On 19 December, dozens of ISKCON followers organized a rally in front of the Russian Consulate in Kolkata, holding up copies of the Bhagavad Gita As It Is in various languages and demanding to stop persecution of their most important scripture. Similar protest marches were held in New Delhi and Chandigarh. Gopal Krishna Goswami, ISKCON's Governing Body Commissioner for India, said that ISKCON members are poised to intensify their public protests across the globe if their scripture is banned. He said, "I hope the Indian government will be able to pressurize the Russian government and the matter gets solved legally. It's a book of peace and there's nothing extreme in it. Holy scriptures shouldn't be taken to court".

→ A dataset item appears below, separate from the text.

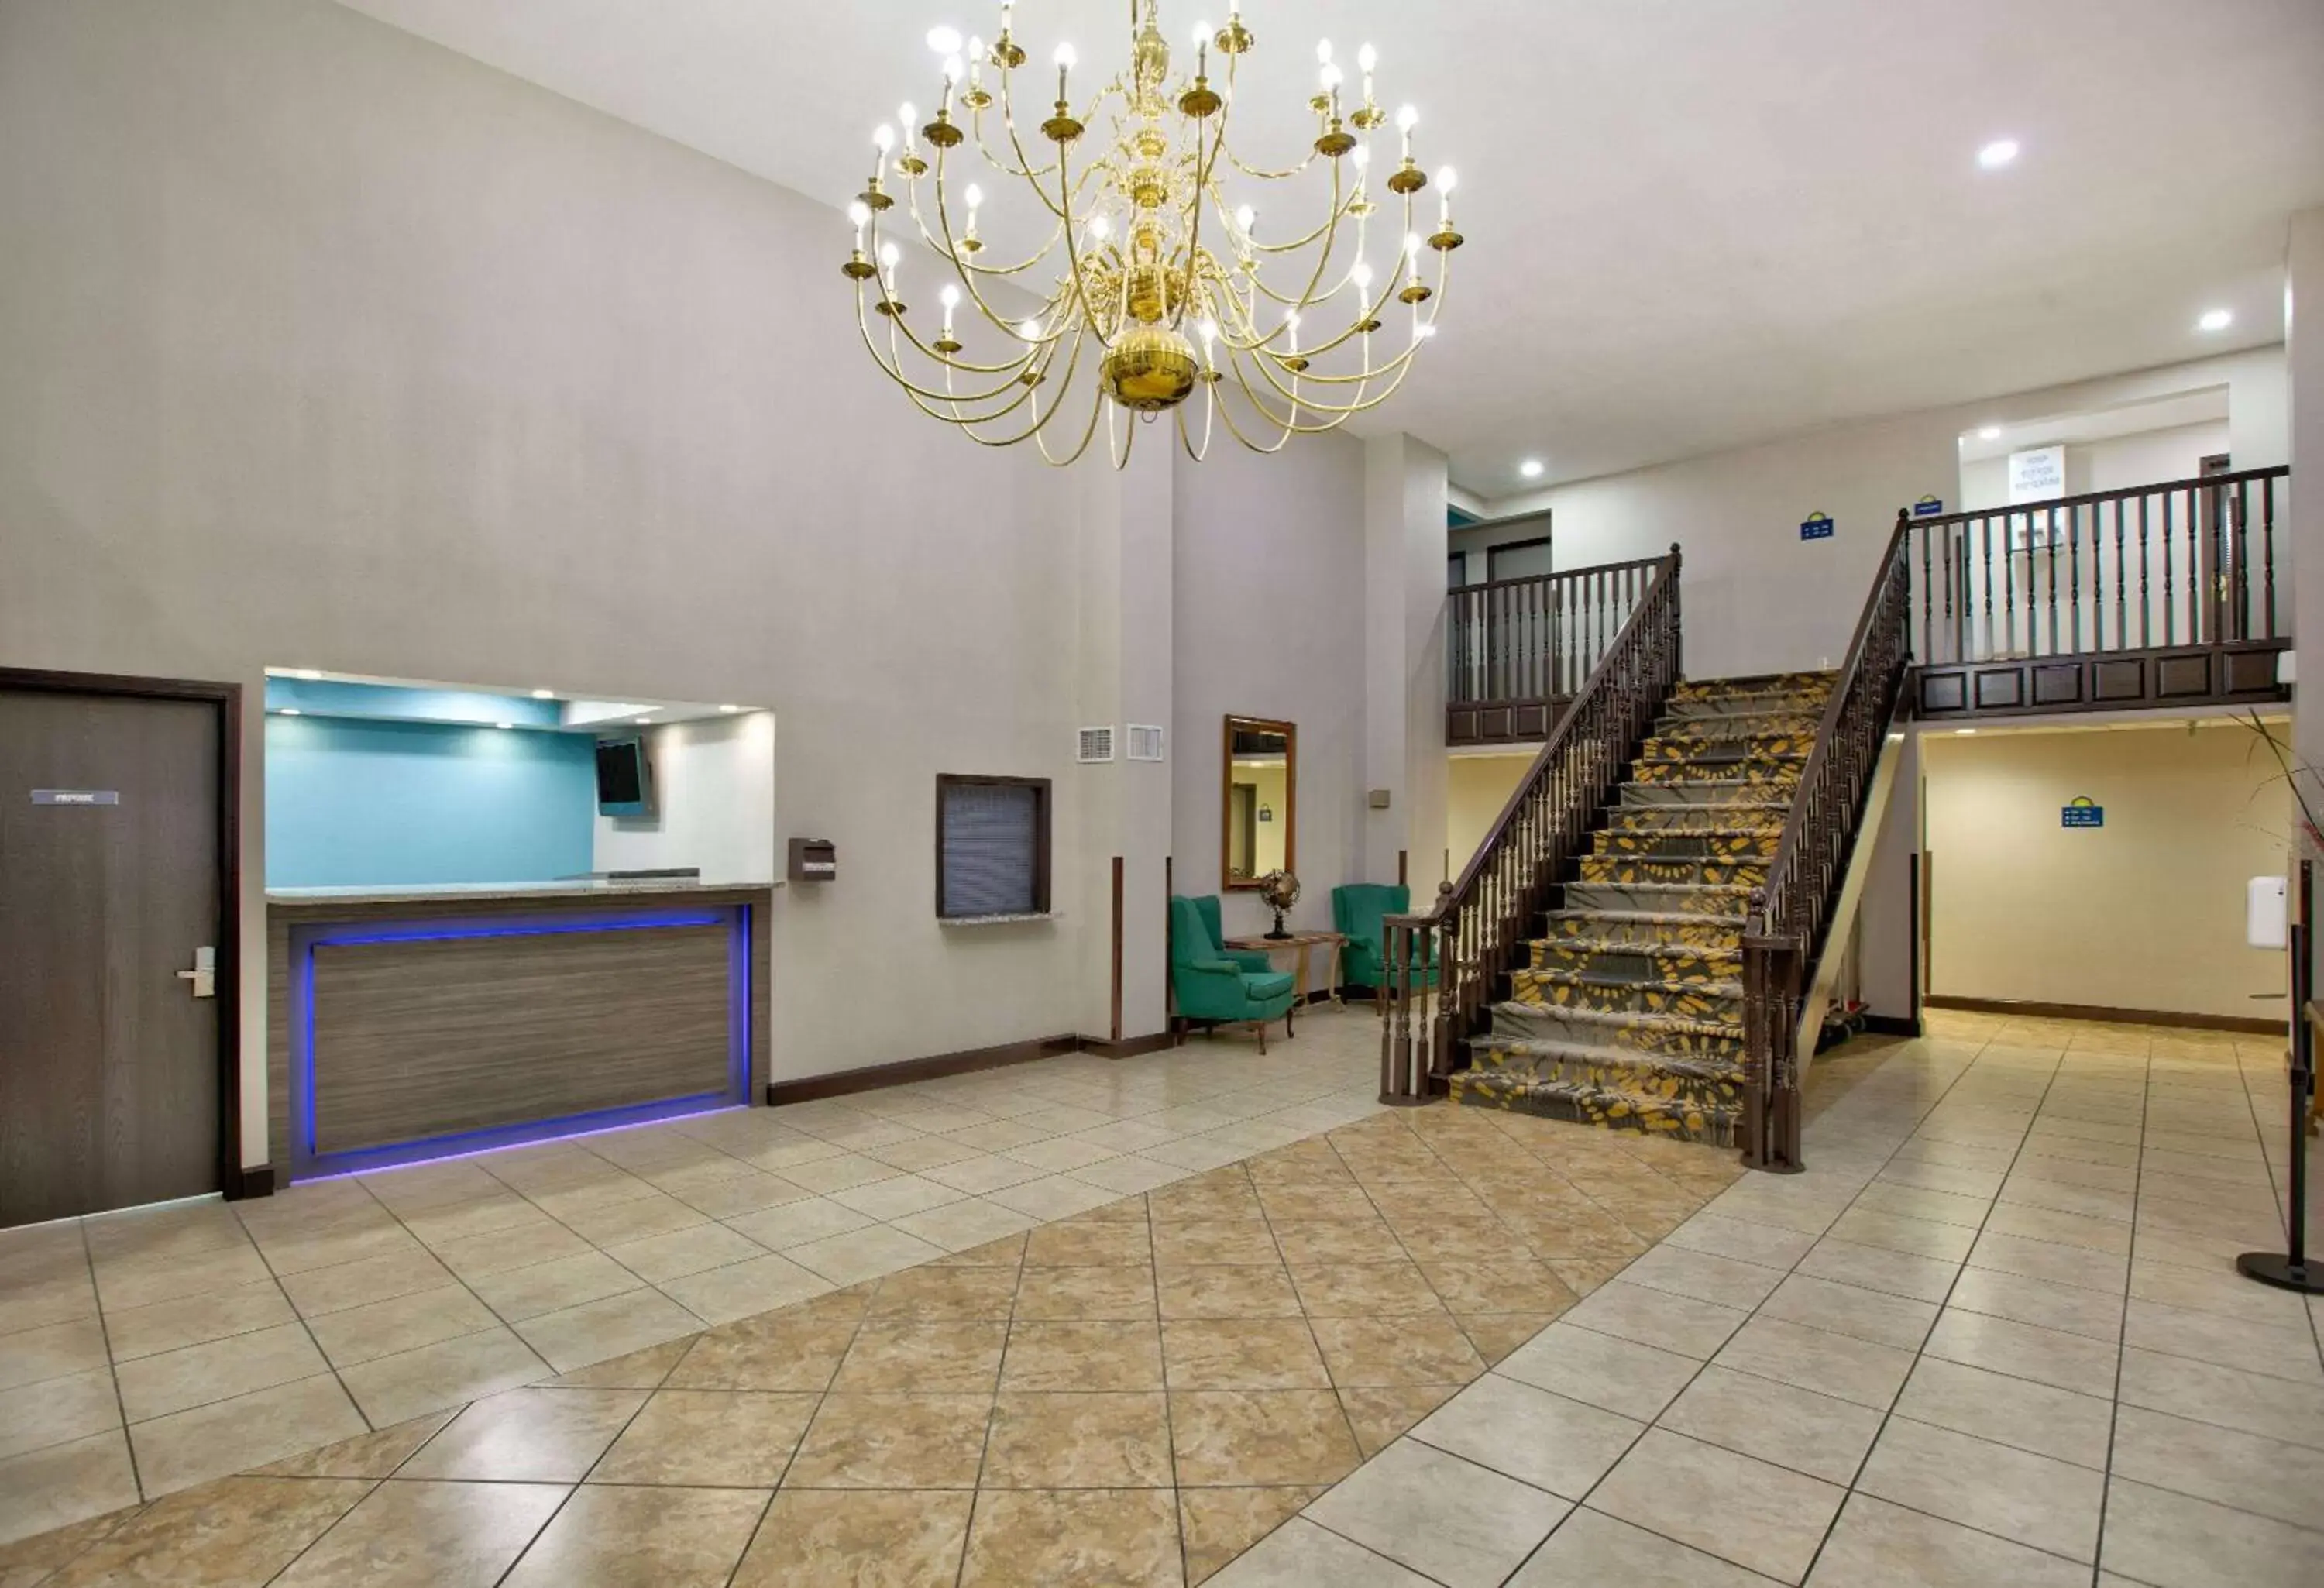 Lobby or reception, Lobby/Reception in Days Inn by Wyndham Tunica Resorts

On 21 December, a highly respected Islamic seminary Darul Uloom Deoband issued a statement signed by its vice-chancellor Abul Qasim Nomani in defense of the Bhagavad Gita, in which he condemned "Russian diktat against the Hindu holy scripture". Nomani also called accusations of the Gita of extremism "totally baseless and highly objectionable", maintaining that the proposed ban is tantamount to violation of the freedom of conscience "enshrined" in the Indian Constitution, and called on boldly countering the "Russian highhandedness".
Maulana Khalid Rashid, head of Firangi Mahal, another Islamic center of higher education in Lucknow, also condemned what he called "Russian arrogance" and called on Muslims to support Hindu followers while appealing to the Indian government "to take a firm stance so that such blasphemous interference is not attempted in future".

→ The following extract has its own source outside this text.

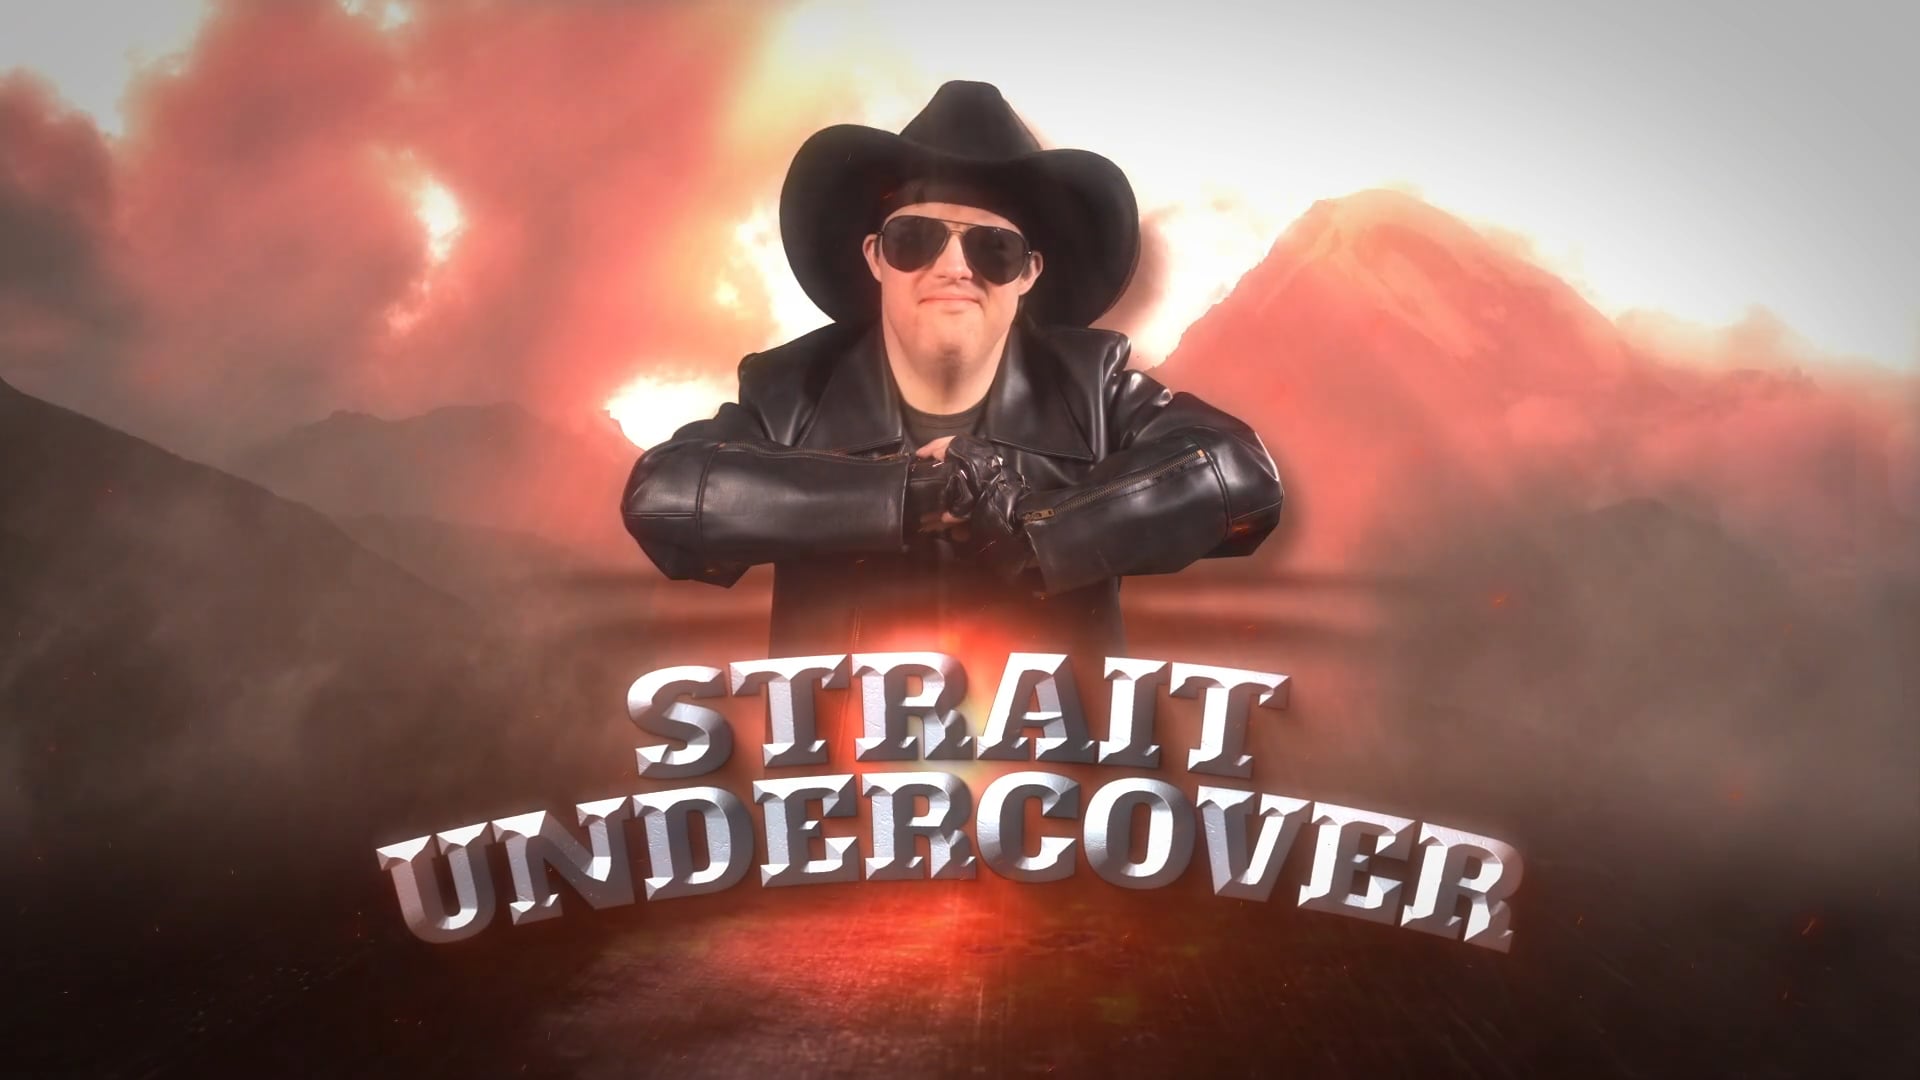 Strait Undercover Trailer

On 22 December 2011, Isai Mahasangh organization representing Christians in the Indian state of Madhya Pradesh addressed the President of India Pratibha Patil and the Pope Benedict XVI, asking for their intervention in the Bhagavad Gita trial. An Isai Mahasangh delegation conveyed their memorandum to the President through Madhya Pradesh governor Ram Naresh Yadav, and to the Pope through the Holy See embassy in New Delhi. Jerry Paul, General Secretary of Isai Mahasangh, stated that it was clear from the court case against the Gita that "the Russians are not aware of the importance of the Gita, the teachings and values it upholds and above all its place in the life of millions of Indians".

A prominent Hindu teacher Sri Sri Ravi Shankar in his Twitter called the proposed ban of the Bhagavad Gita in Russia "an unpardonable loss for the people of Russia" and, countering accusations of the book of "extremism" and "intolerance" opined that it was the move to ban the scripture that showed intolerance and bred terrorism rather than the Gita's teachings.

====Hindu activists====
On 20 December 2011, the Vishwa Hindu Parishad (VHP) threatened to protest outside Russian missions in India if Russia effects the ban. VHP General Secretary Pravin Togadia said in a statement that the Bhagavad Gita is held sacred by all Hindus and that its principles have universal appeal and "touch humanity so very deeply", citing Albert Einstein's fascination with the book as an example. Togadia also warned Russian authorities that Indians will be forced to boycott Russian goods, plants, and offices in India in response to the Gita ban in Russia. A group of VHP members held a protest march in front of the Russian consulate in Mumbai. VHP and Bajrang Dal activists also staged protest in Chandigarh, calling on the Indian government to protect the rights of Hindus in Russia and denouncing the proposed ban. On 23 December, dozens of activists of Rashtrawadi Sena, a hardline Hindu group, burned a Russian flag and shouted anti-Russian slogans during a protest march in New Delhi over the proposed ban. Rashtrawadi Sena president Jai Bhagwan Goyal called the Gita "the most pious book of the nation" and said there will be no tolerance for insulting it. The protesters also sent a memorandum to Indian President Pratibha Patil, and to the Russian embassy, demanding to avert the ban. They also urged the President to declare the Bhagavad Gita a "national scripture" in order to prevent such insults in the future. A similar protest along with the burning of a Russian flag was held on 26 December by activists of the right-wing Hindu organisation Shiv Sena in Amritsar. In a similar move, a Jammu unit of Sri Ram Sena appealed to Indian and Russian authorities to forestall the impending Gita ban "for the betterment of Indo-Russia relations".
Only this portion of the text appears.